- Born: 1955 (age 70–71) Philadelphia, Pennsylvania, US
- Education: Temple University, Philadelphia
- Known for: Painting, Installation art

= Karen Kilimnik =

American artist

Karen Kilimnik (born 1955) is an American painter and installation artist.

==Life and work==
Karen traveled through much of the United States and Canada as a young child. She often spoke of Russell, Manitoba as being an inspiration for her later works. Karen Kilimnik studied at Temple University, Philadelphia.

Her installations reflected a young viewpoint of pop culture. An example of this work is her 1989 breakout The Hellfire Club Episode of the Avengers, which is composed of photocopied images, clothing, drawings, and other objects that reverentially embody the glamour, risk, and mod kitsch of the 1960s television show.

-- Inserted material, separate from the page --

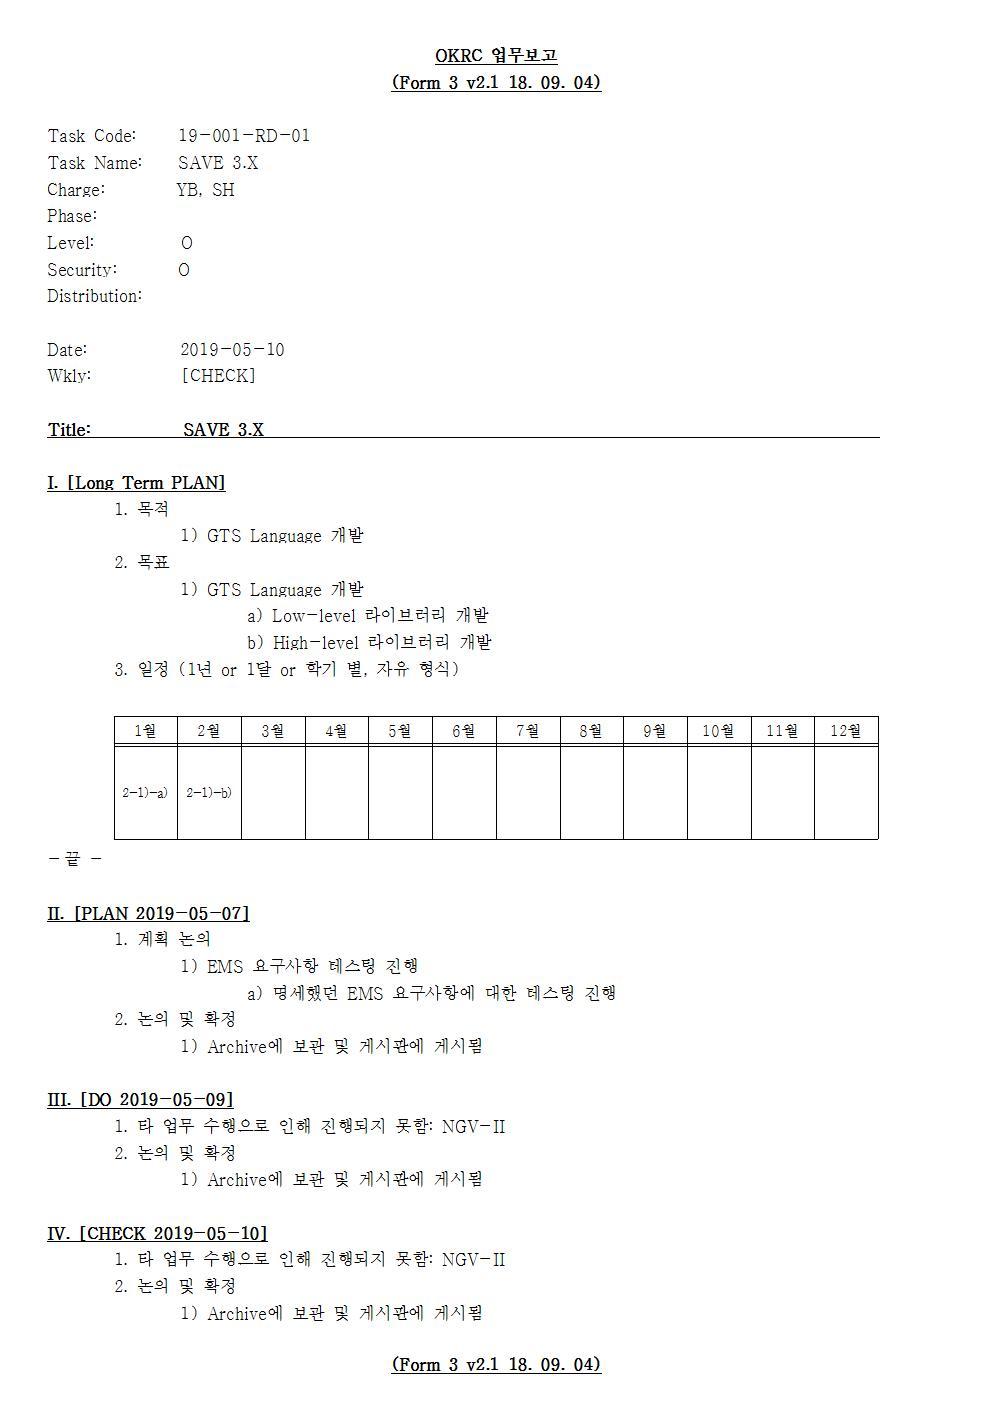 D-[19-001-RD-01]-[SAVE 3.X]-[2019-05-10][SH]001.jpg

The work exemplified the “scatter” style of her installations.

Kilimnik's paintings, characterised by loose brushwork, bold colors and "thrift shop paint-by-numbers awkwardness", are pastiches of the Old Masters and often incorporate portraits of celebrities. In contrast to the celebrity portraits of Elizabeth Peyton, Kilimnik, "blends together Conceptual and performance art and 1980's appropriation with the current interest in female psychology and identity."

Jonathan Jones described her portrait of Hugh Grant (1997) as "a nice example of a relatively new genre of painting, which we might call the iconic portrait, not commissioned by its sitter but based on photographs, magazine cuttings, film clips."

Her work is variously described as "sharp and witty...an interesting exercise in conceptual control" and as "wan and whimsical..."

==Collections==
Kilimnik has work in the collection of the Museum of Modern Art, the Carnegie Museum of Art and the Whitney Museum of American Art.

==Bibliography==
- Karen Kilimnik (ed. Lionel Bovier), Zurich: JRP/Ringier (2006).